Surabaya 27 Nopember 2025 | Draft Rakyat Newsroom – Isu mengenai kandungan mikroplastik pada air hujan di Kota Surabaya baru-baru ini menjadi perhatian publik. Perbincangan tersebut muncul setelah hasil penelitian menunjukkan adanya partikel mikroplastik pada air hujan yang turun di beberapa wilayah. Banyak pihak mempertanyakan apakah temuan tersebut merupakan ancaman baru bagi kesehatan dan lingkungan.
Menanggapi isu tersebut, Dosen Fakultas Sains dan Teknologi (FST) Universitas Airlangga Dwi Ratri Mitha Isnadina ST MT menegaskan bahwa keberadaan mikroplastik pada air hujan bukanlah sesuatu yang mengejutkan. Fenomena ini, menurutnya, telah ditemukan di banyak negara dan merupakan bagian dari dinamika lingkungan global.
“Mikroplastik sudah banyak teridentifikasi pada media air seperti sungai maupun laut. Ketika air mengalami penguapan, partikel-partikel ini dapat terbawa ke atmosfer dan akhirnya kembali turun bersama hujan. Jadi, temuan mikroplastik pada air hujan di Surabaya bukanlah hal baru yang sulit diprediksi,” jelasnya.
Asal Usul Mikroplastik
Ratri menerangkan bahwa mikroplastik merupakan partikel plastik berukuran 1 mikrometer hingga 5 milimeter. Sementara partikel yang lebih kecil dari 1 mikrometer dikategorikan sebagai nanoplastik. Berdasarkan sumbernya, mikroplastik dibedakan menjadi dua jenis, yakni primer dan sekunder. “Primer itu sejak awal berukuran mikro, misalnya butiran scrub pada produk sabun wajah. Kalau sekunder berasal dari degradasi plastik berukuran besar,” terangnya.
Lebih lanjut, ia menyebutkan bahwa mikroplastik dapat berasal dari banyak aktivitas manusia, termasuk proses pembakaran sampah. Pembakaran yang dilakukan secara terkontrol di fasilitas resmi pada umumnya dilengkapi dengan unit pengelolaan gas buang. Namun, pembakaran sampah secara terbuka berpotensi melepas lebih banyak partikel ke atmosfer karena tidak ada sistem pengendalian.
Dampak terhadap Ekosistem
Pakar Teknik Lingkungan itu menegaskan bahwa paparan mikroplastik tidak menimbulkan efek langsung terhadap tubuh manusia dalam jangka pendek.
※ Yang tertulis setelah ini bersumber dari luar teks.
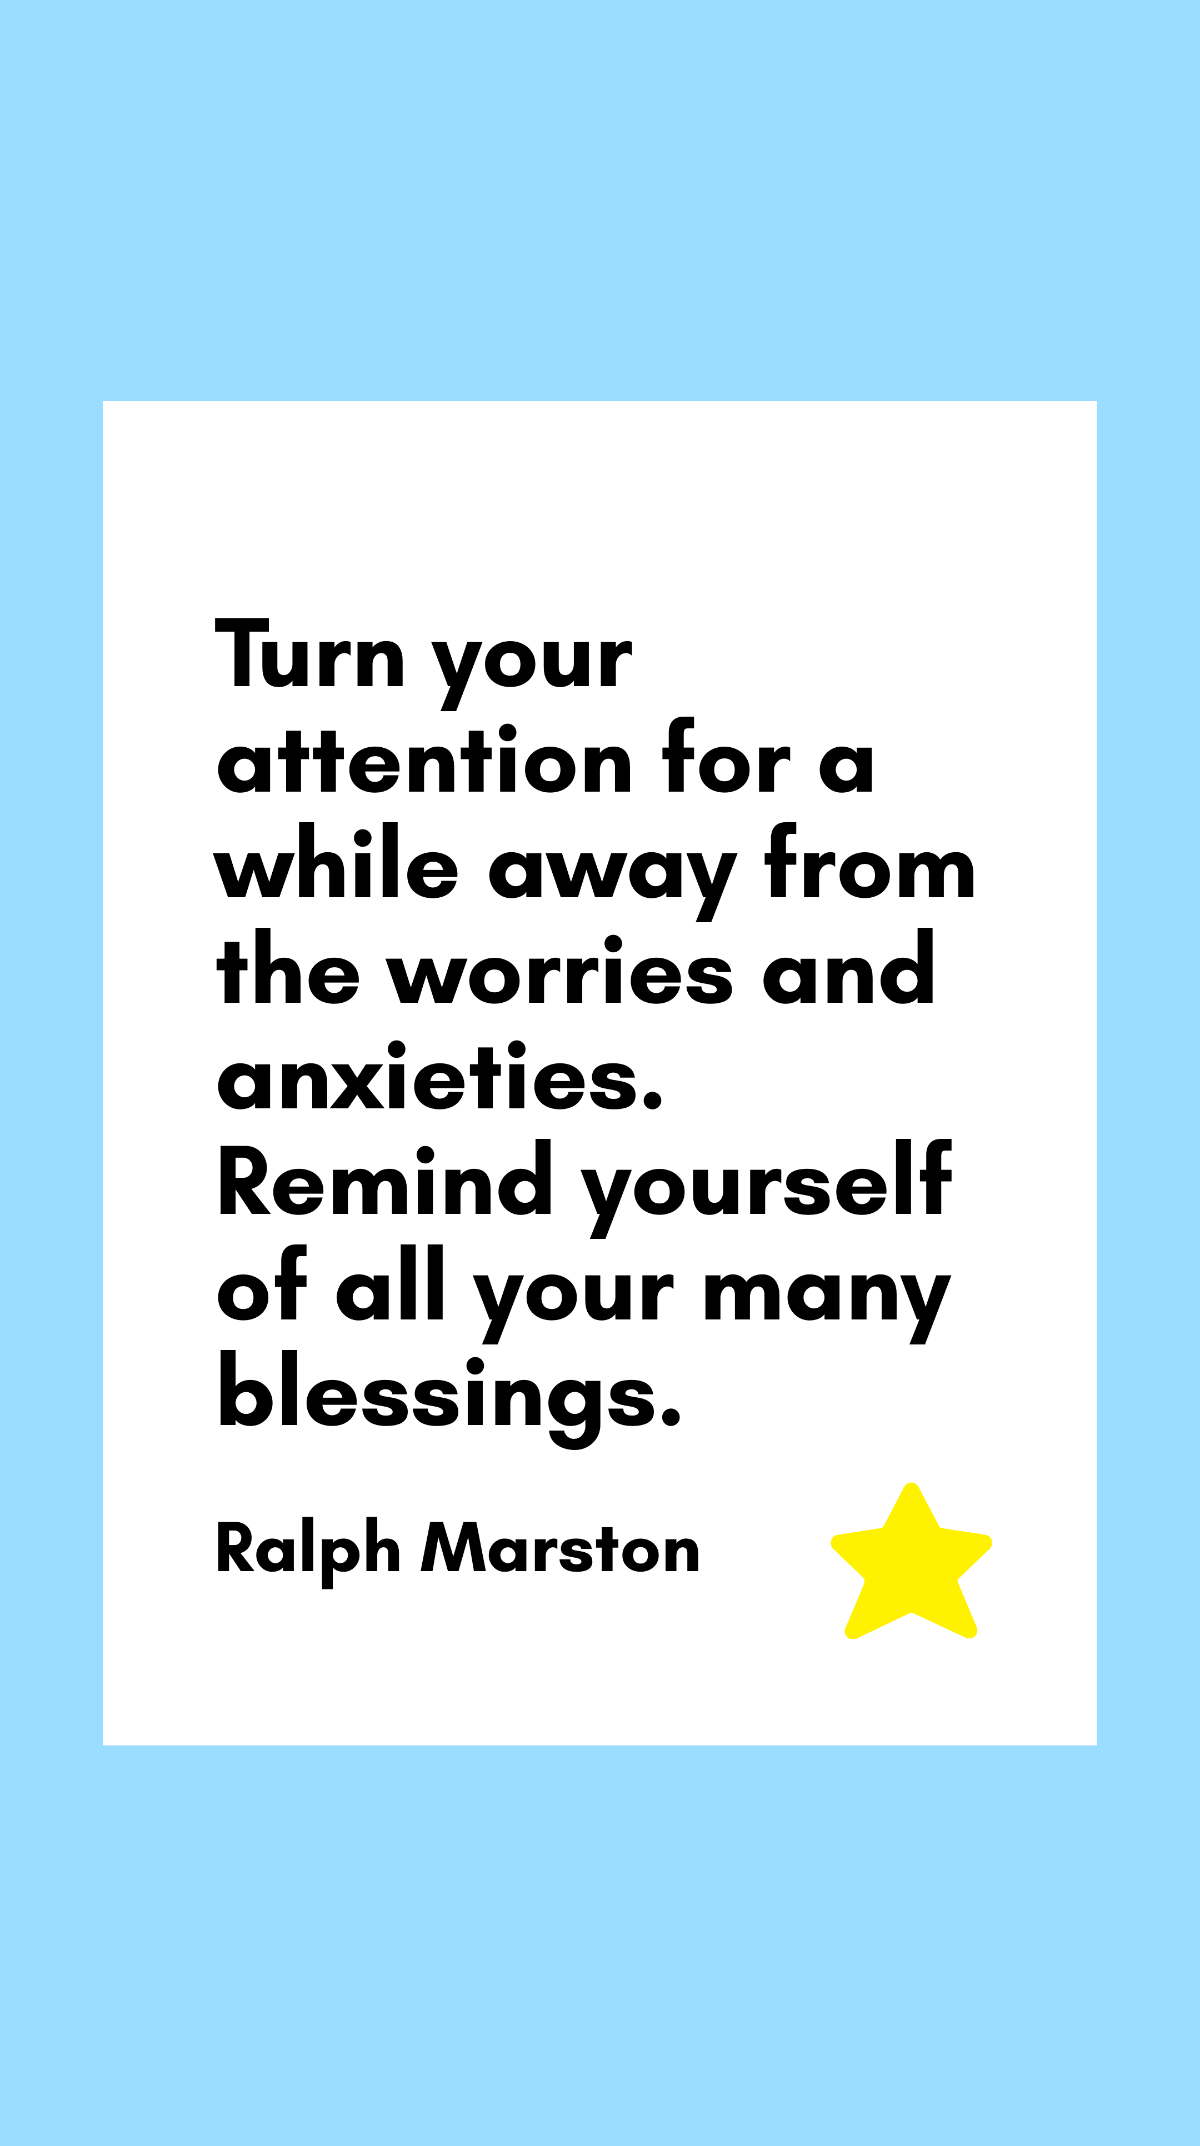 Ralph Marston - Turn your attention for a while away from the worries and anxieties. Remind yourself of all your many blessings. Template

Namun, dampaknya terhadap ekosistem jauh lebih signifikan dan perlu diwaspadai.
“Air hujan yang mengandung mikroplastik akan mengalir sebagai air limpasan menuju ekosistem air. Di sana, mikroplastik dapat termakan oleh biota seperti ikan, dan pada akhirnya masuk kembali ke tubuh manusia melalui rantai makanan,” ungkapnya.
Beberapa penelitian juga menunjukkan bahwa mikroplastik dapat mengadsorpsi logam berat serta polutan berbahaya lainnya. Beberapa kajian ilmiah mengaitkan mikroplastik dengan inflamasi hingga gangguan kardiovaskular, meskipun penelitian mengenai dampaknya terhadap kesehatan manusia masih belum konklusif.
Ratri menilai bahwa pengurangan mikroplastik tidak hanya bergantung pada perubahan perilaku konsumen, tetapi terutama pada kebijakan yang mengatur produsen. Ia menambahkan bahwa perkembangan penelitian mikroplastik di Indonesia masih terus berjalan. “Jika kelak mikroplastik menjadi fokus regulasi, maka parameter pengukurannya akan semakin jelas dan intensif.,” ucapnya.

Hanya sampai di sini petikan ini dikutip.